A lot of rumors are the result of poor understanding or misinterpretation. For
example, there was a big rumor a year or two back that the US government was
buying hundreds of millions of rounds of ammunition, sparking fears of
everything from a conspiracy to drive up prices to an imminent imposition of
martial law. The basis of the rumor was a government solicitation to bid on
ammunition _pricing_ , so that the government could lock in its ammunition
purchases for the next few years at a fixed and predictable price, rather than
being subject to spot price fluctuations which would make budgeting more
difficult and possibly result in higher costs. However, to understand that
that the government was looking for (essentially) a call option required a
basic knowledge of finance and a fairly high level of reading ability to deal
with the 'officialese'. It's not surprising that many people misinterpreted a
request for a pricing guarantee as a solicitation for actual supply. There was
also a misunderstanding of how much ammunition the government actually uses,
with people who cheerfully fire off hundreds of rounds during their own
practice sessions overlooking the fact that federal employees who carry
firearms also have to take part in training and practice sessions where they
expend large quantities of ammunition. More here:
[http://www.snopes.com/politics/guns/ssabullets.asp](http://www.snopes.com/politics/guns/ssabullets.asp)

Trolls shouldn't need much explanation; a tradition of spreading outlandish or
silly rumors is as old as the hills, and for trolls every day is April 1st.

Then you have people with a vested interest in spreading rumors of one sort or
another, often for political ends. Negative rumors about 'Obamacare' have been
widespread in recent years for obvious reasons, likewise people on the left
often expressed their animus towards the previous Republican administration by
making up negative stories reflecting their view of how that administration
would behave, or what would motivate them in the case of some otherwise
random-seeming fact.

EDIT: here's an outstanding example right here on HN, today:
[https://news.ycombinator.com/item?id=7667068](https://news.ycombinator.com/item?id=7667068)
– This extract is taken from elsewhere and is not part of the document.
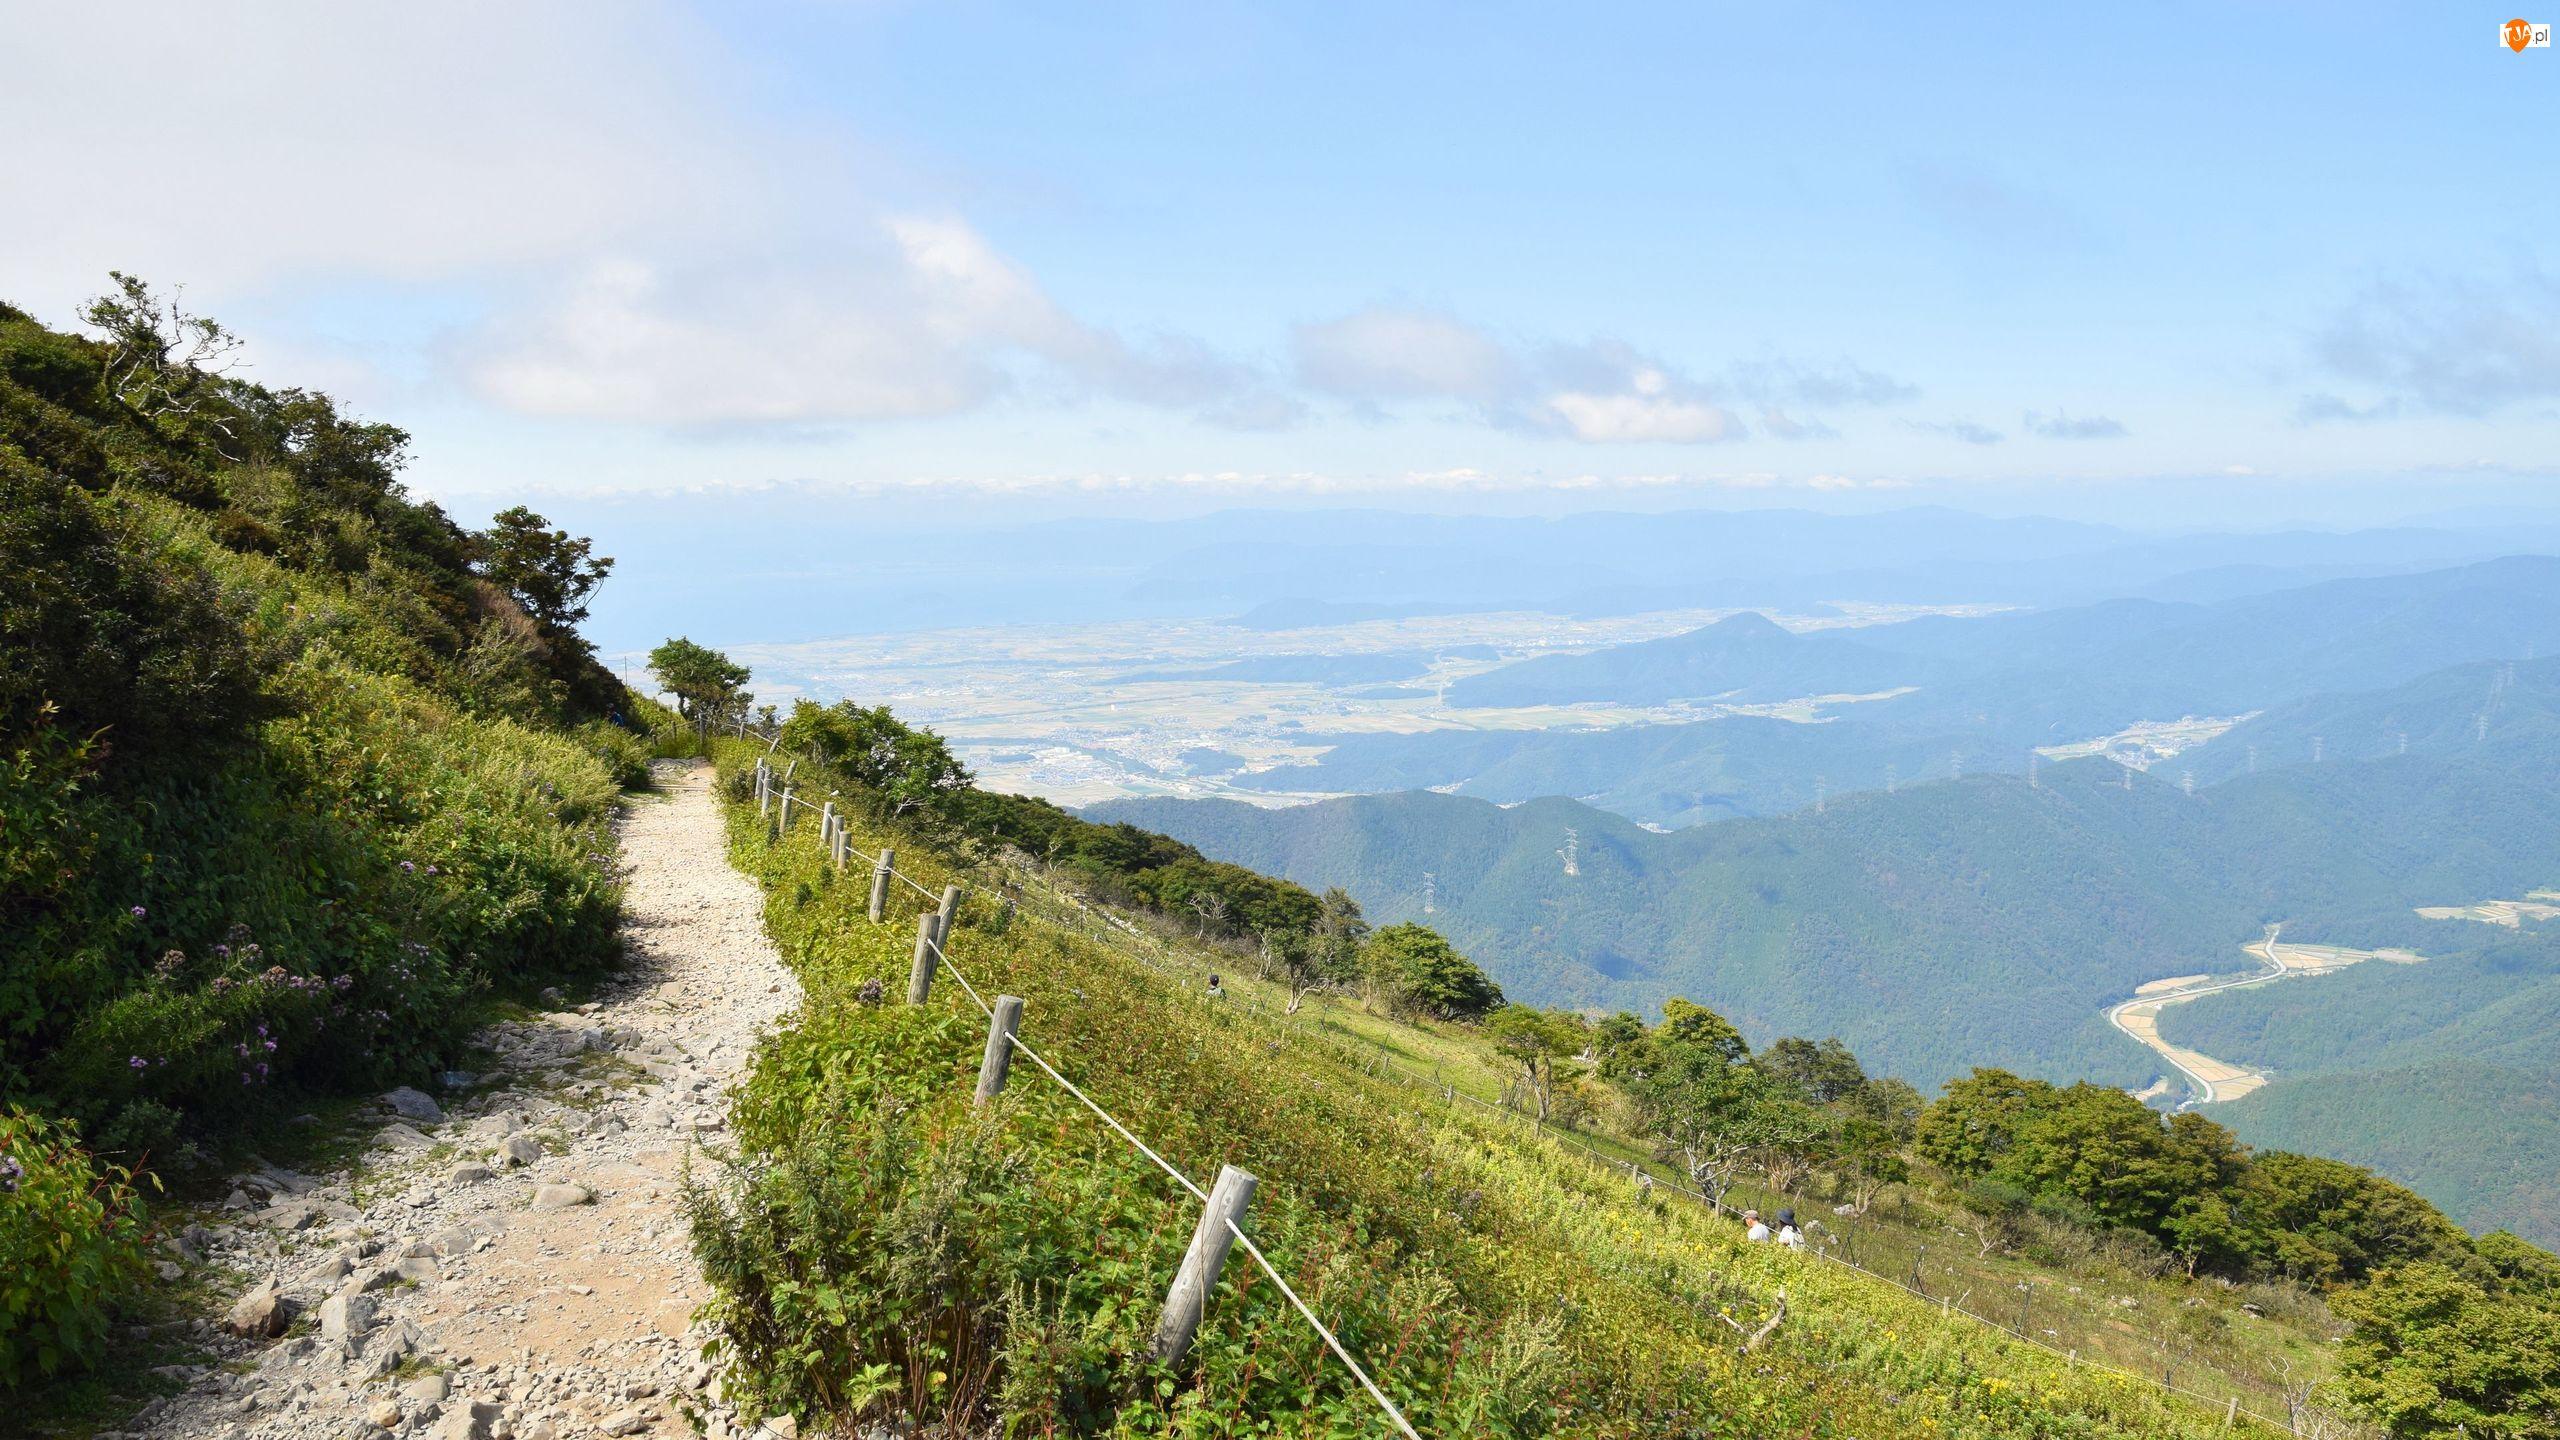 Ścieżka, Dolina, Stok, Góra, Mgła

There are a great many people who are not especially concerned with truth, but
with shaping people's behavior in order to bring about a certain result -
whether that is getting people to buy a product or a book, or to change the
price of a financial asset, or to create a more favorable political
environment etc.

------
RankingMember
Despite my animus (well-placed or otherwise) towards Facebook, these blog
posts are damned interesting.